* _EXERCISE GOAL_
Print the entire listing below word for word, excluding its pictures.

* _DATASET EXCERPT_
*****
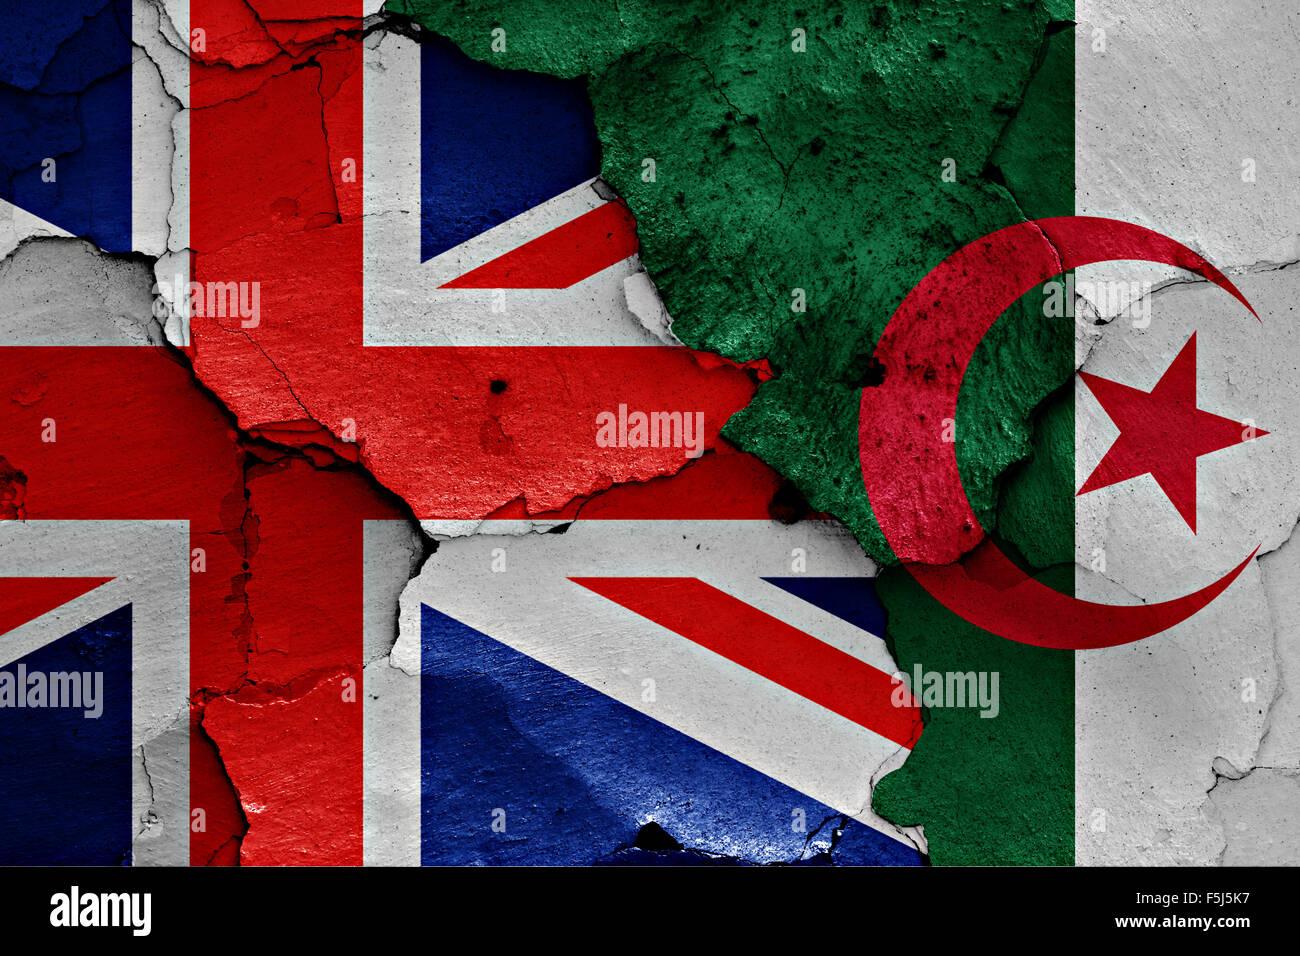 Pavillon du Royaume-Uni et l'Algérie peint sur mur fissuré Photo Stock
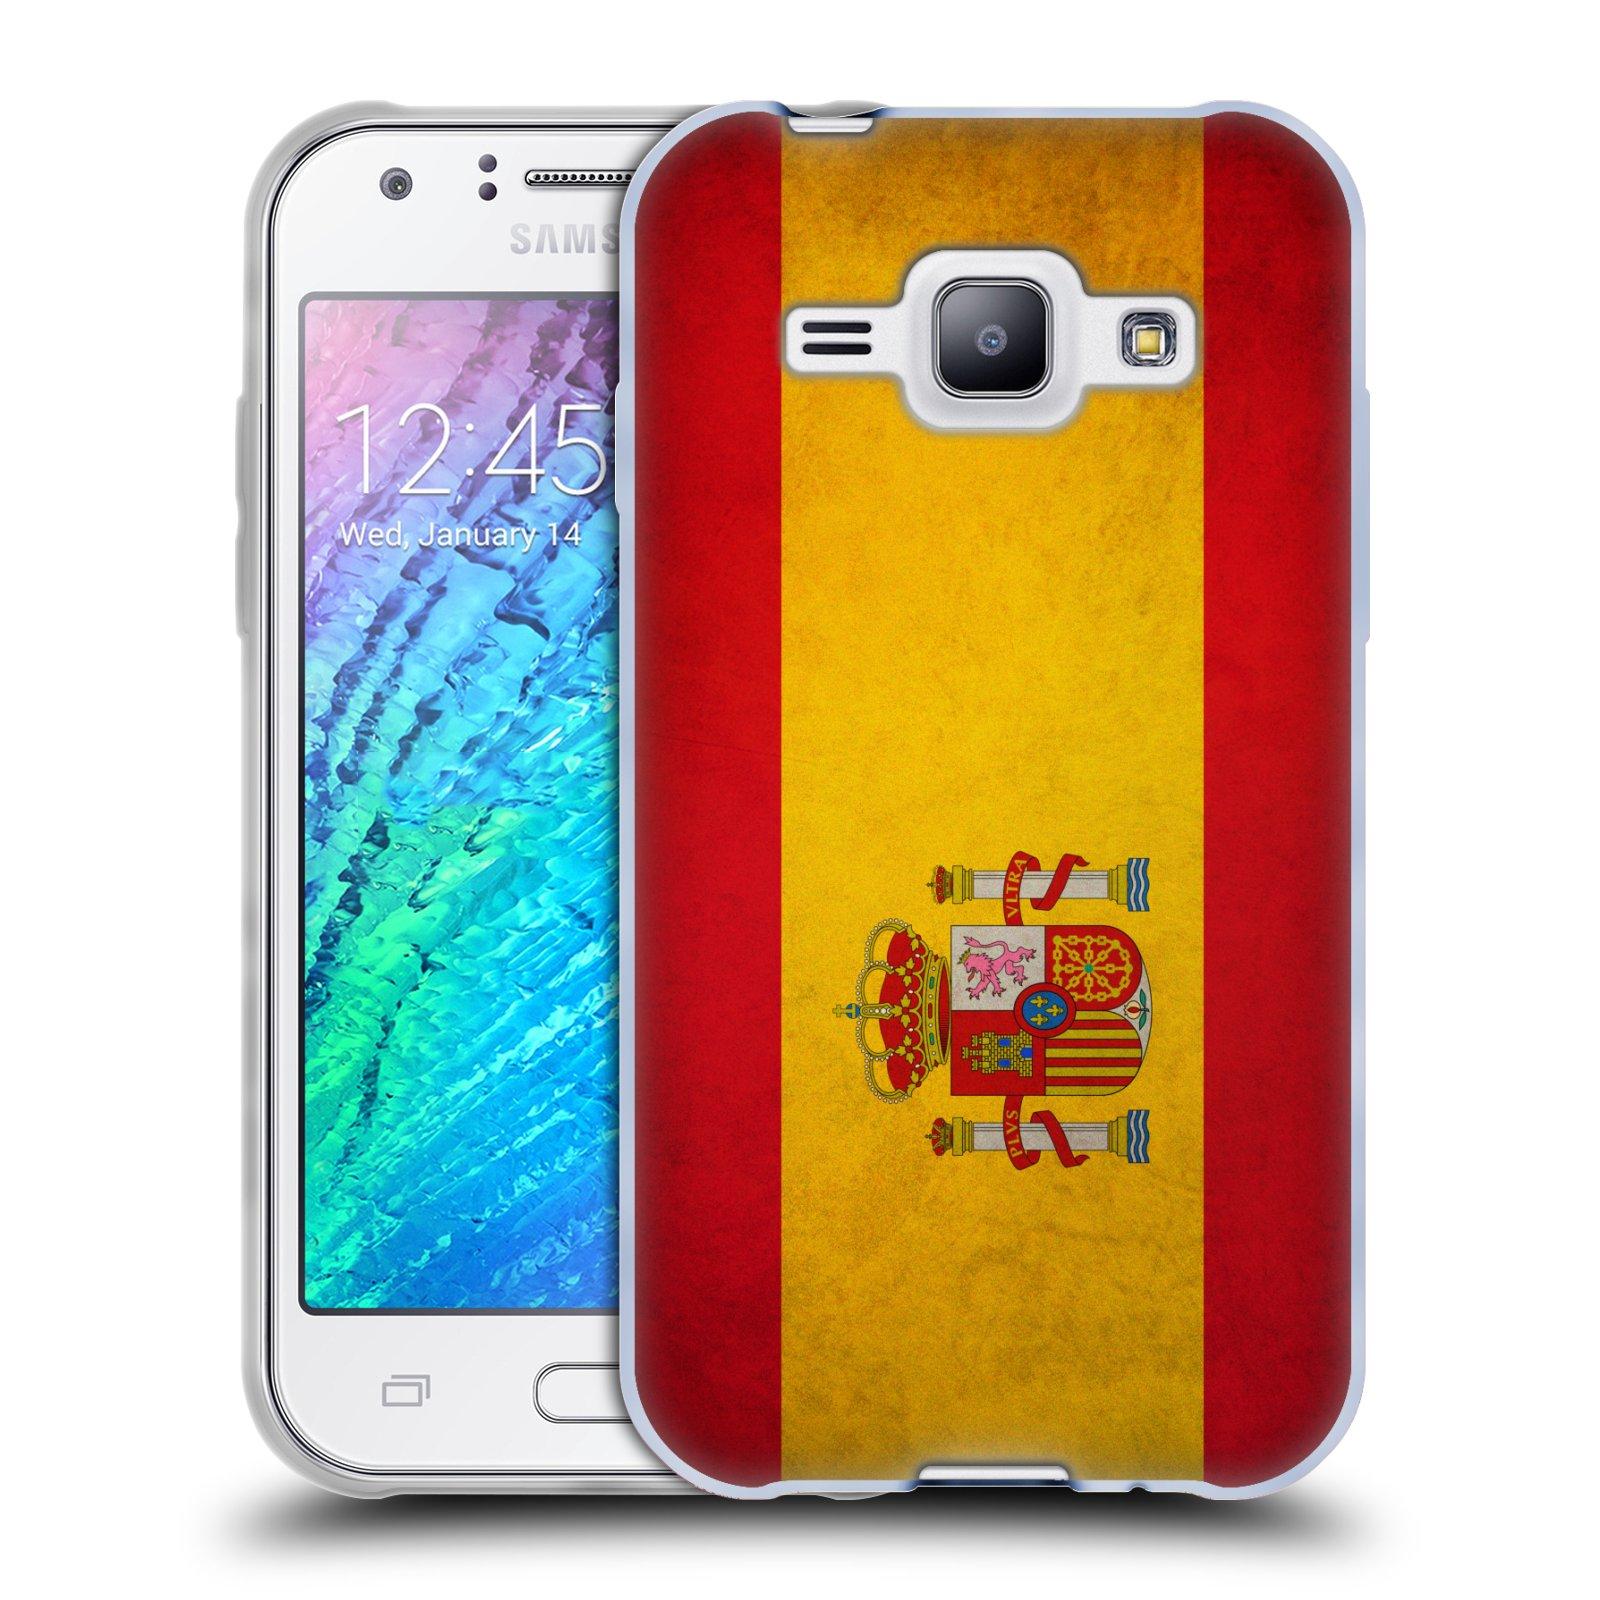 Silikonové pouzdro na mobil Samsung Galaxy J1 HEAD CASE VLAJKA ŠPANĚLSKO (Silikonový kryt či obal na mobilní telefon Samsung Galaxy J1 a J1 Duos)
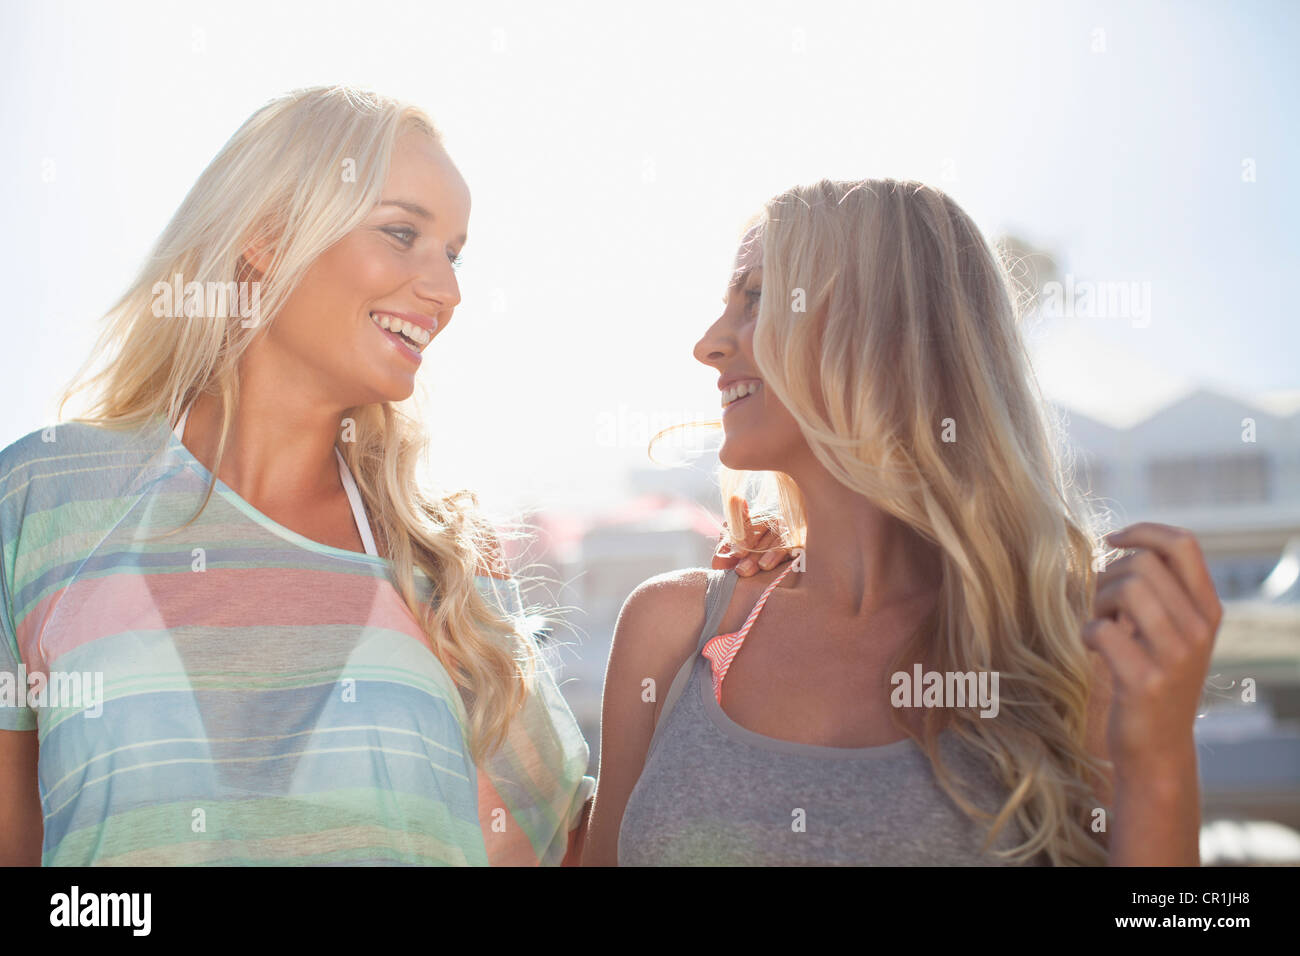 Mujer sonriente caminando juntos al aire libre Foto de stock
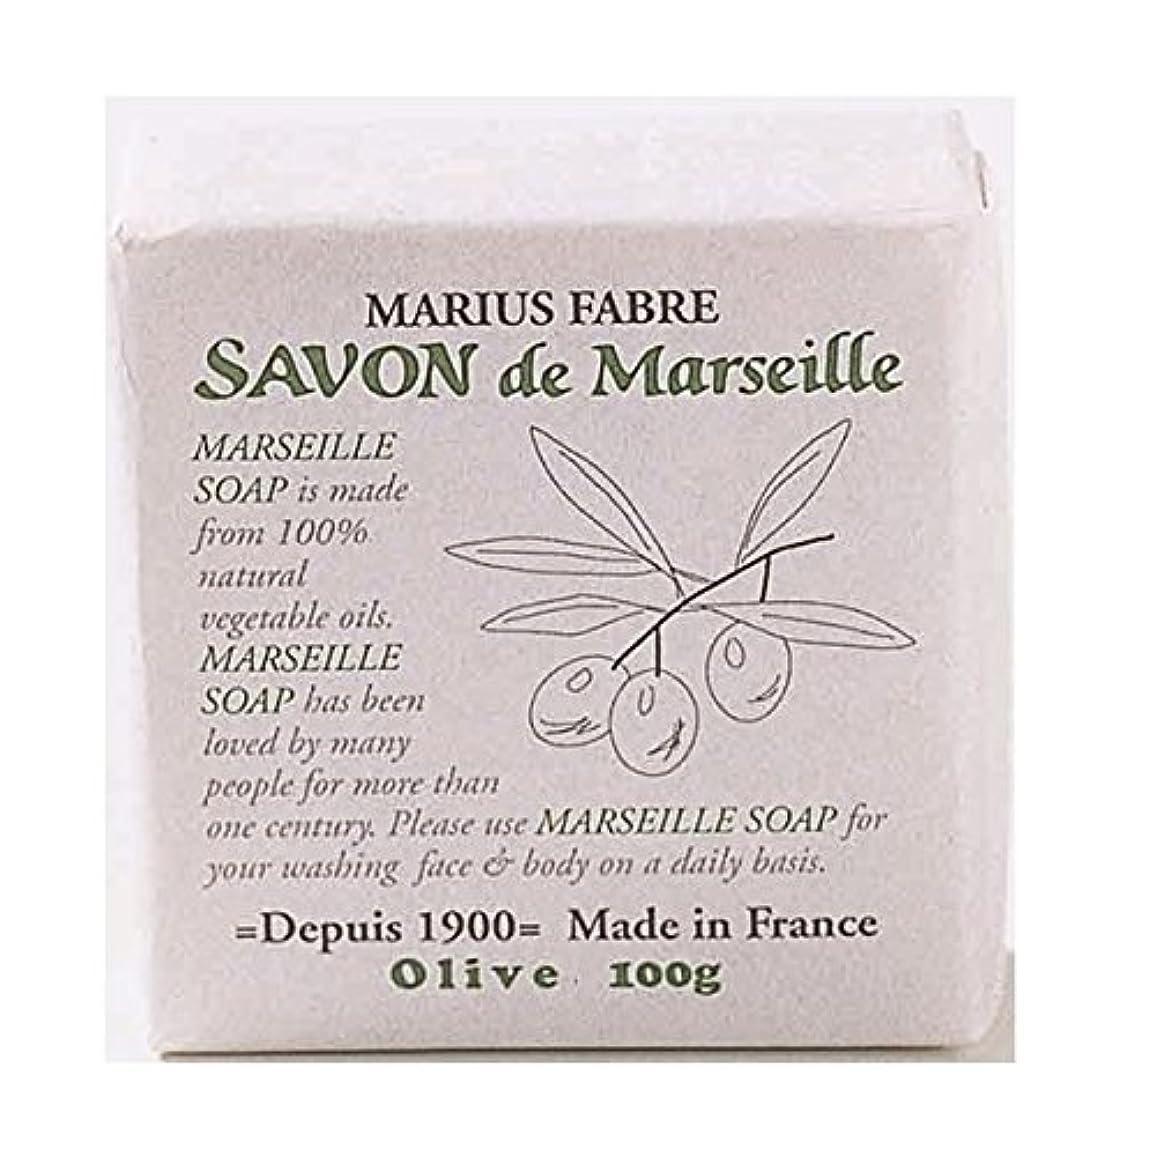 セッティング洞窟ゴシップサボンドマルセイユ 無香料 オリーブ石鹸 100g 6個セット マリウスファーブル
*****
* _RESPONSE BOX_
 Pavillon du Royaume-Uni et l'Algérie peint sur mur fissuré Photo Stock
 Silikonové pouzdro na mobil Samsung Galaxy J1 HEAD CASE VLAJKA ŠPANĚLSKO (Silikonový kryt či obal na mobilní telefon Samsung Galaxy J1 a J1 Duos)
 Mujer sonriente caminando juntos al aire libre Foto de stock
 セッティング洞窟ゴシップサボンドマルセイユ 無香料 オリーブ石鹸 100g 6個セット マリウスファーブル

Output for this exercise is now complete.